I think most of us want a decent non-misogynistic guy, but wanting a guy who knows about all the patriarchy stuff means you'll probably be looking for a very long time unless you go for one of those woke beardy twats who usually aren't as feminist as they claim (e.g. telling you that you need to let crossdressers into women's changing rooms etc).

Ponderingwindow · 08/10/2022 16:02

a heterosexual woman who chooses not to partner simply to avoid the patriarchy is depriving herself of the joy in life that can come from finding the person who you trust more than anyone in the world. it is hard to find, but not impossible.

I think a better approach is for heterosexual women to be much more selective with dating, sexual encounters, and partnering.

Galaktoboureko · 09/10/2022 01:20

Ponderingwindow · 08/10/2022 16:02

a heterosexual woman who chooses not to partner simply to avoid the patriarchy is depriving herself of the joy in life that can come from finding the person who you trust more than anyone in the world. it is hard to find, but not impossible.

I think a better approach is for heterosexual women to be much more selective with dating, sexual encounters, and partnering.

Exactly.

Despite the fact that the majority of violent individuals/rapists/etc are male, the majority of men aren't like this, and for many women the person they trust most in the world is their male partner.

There are far more women in the world who trust a man as their soul mate than there are who rely on the sisterhood.

J0y · 09/10/2022 08:59

Trying to find a male soul mate cuased me nothing but pain and feelings of inadequacy, rejection, confusion, anger.
Opting out has brought me far more equilibrium and joy.
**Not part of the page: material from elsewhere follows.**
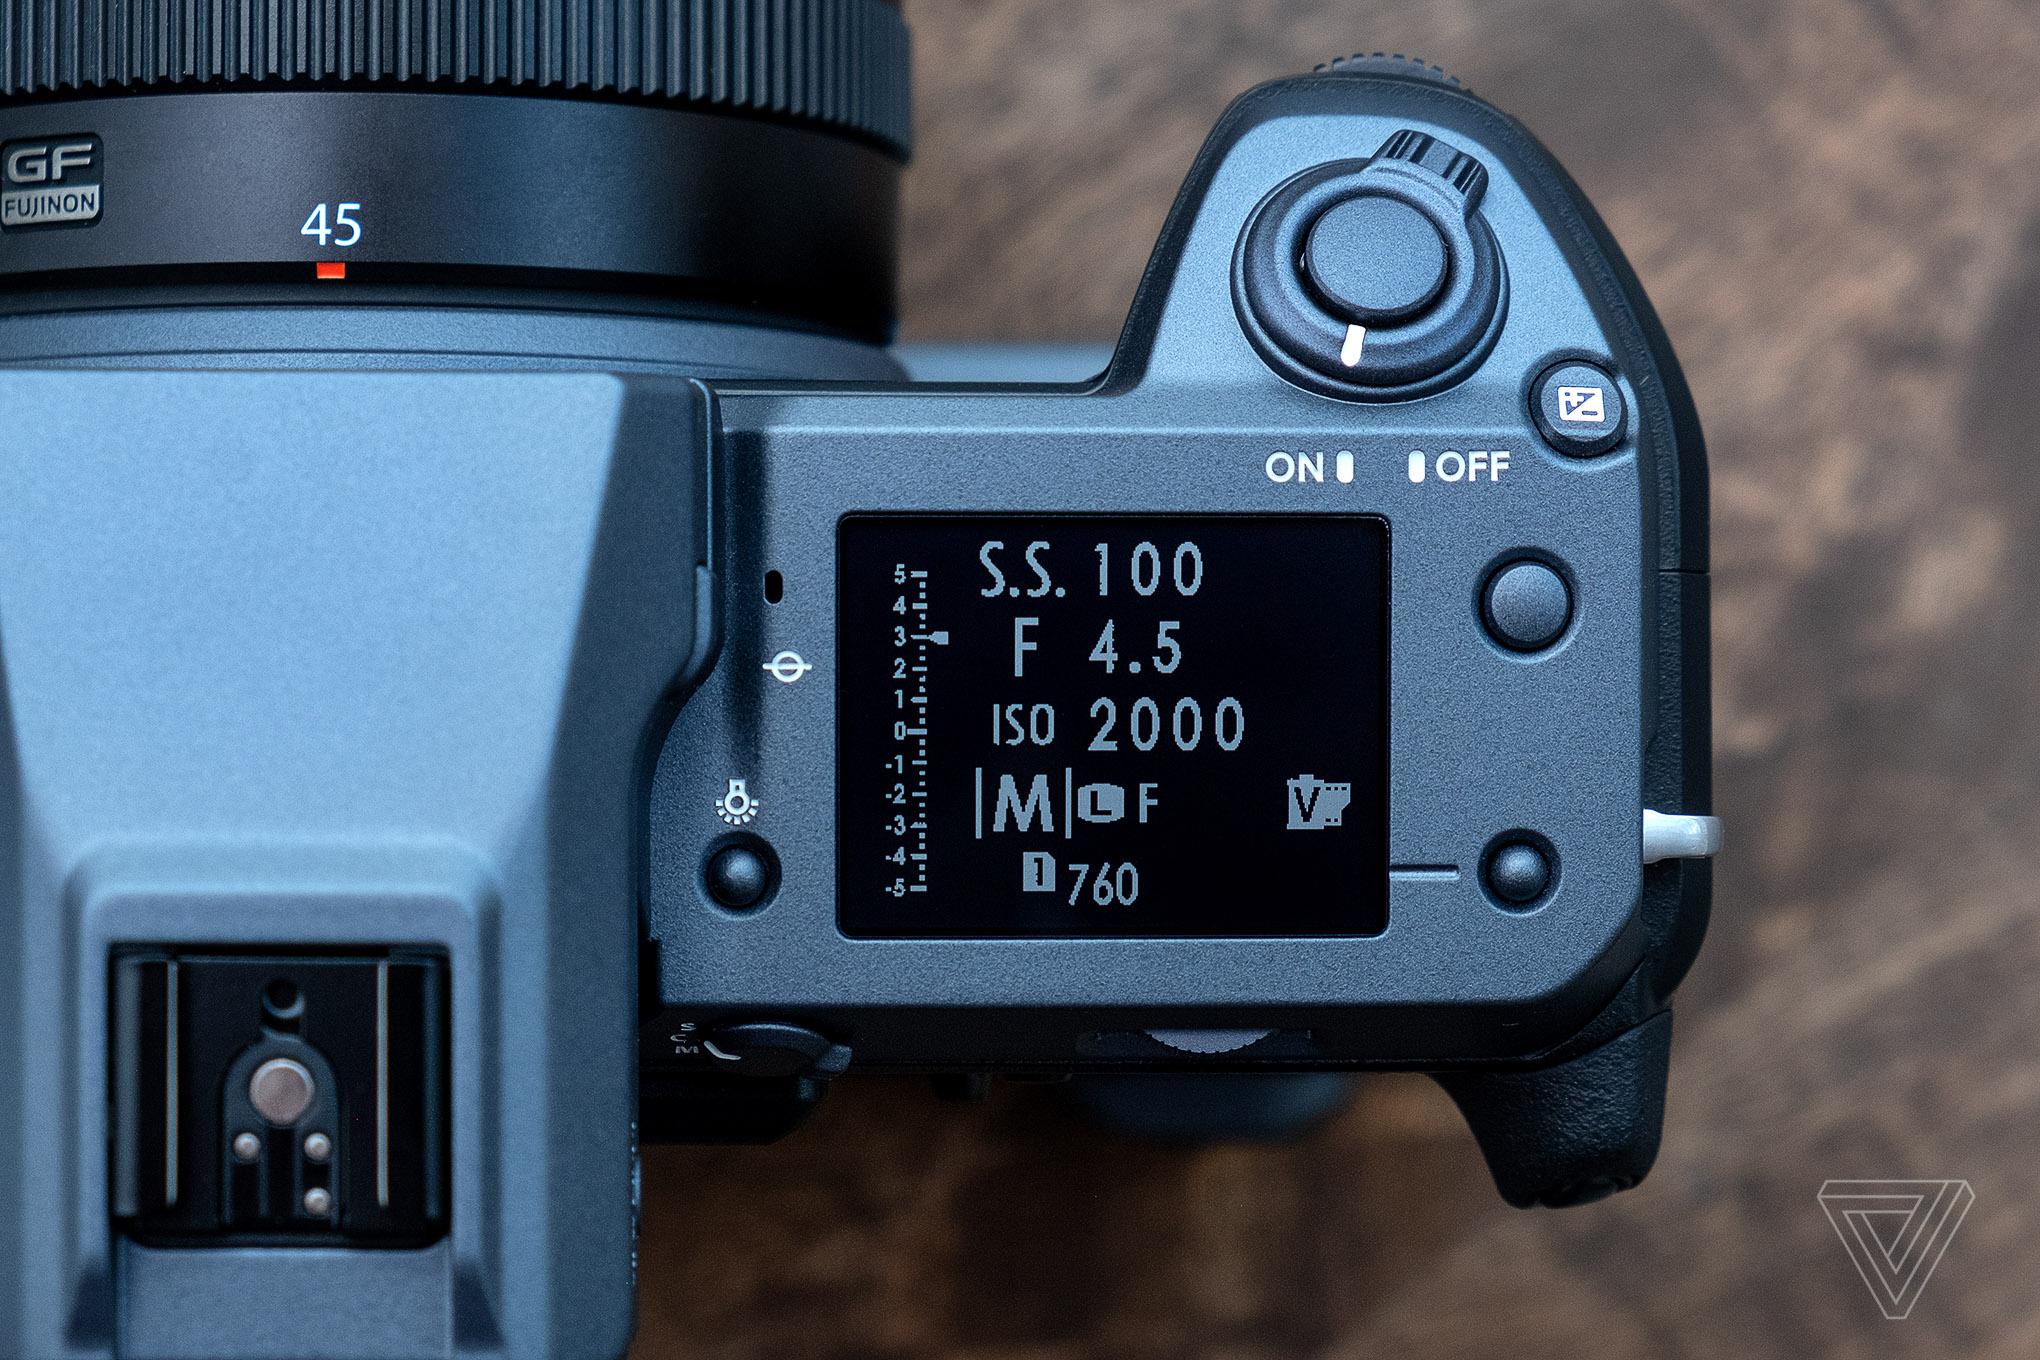 Fujifilm's GFX 100 is a medium format camera that performs

I've forgotten all the individuals who treated me like a disposable item or one of many sweets in the shop. No one individual scarred me but the collection of those experiences has left me in no doubt that the JOY in life comes when you're not looking.

Don't peddle that notion that women must keep looking and must keep trying to meet somebody forever or they're at risk of missing out on something ''joyful''.

That is pervasive and causes women so much upset.

Just give up and focus on everything else. then the joy in life will come.

Omg I'd be a basket case if I'd subjected myself to another decade of bullshit from OLDsters on line.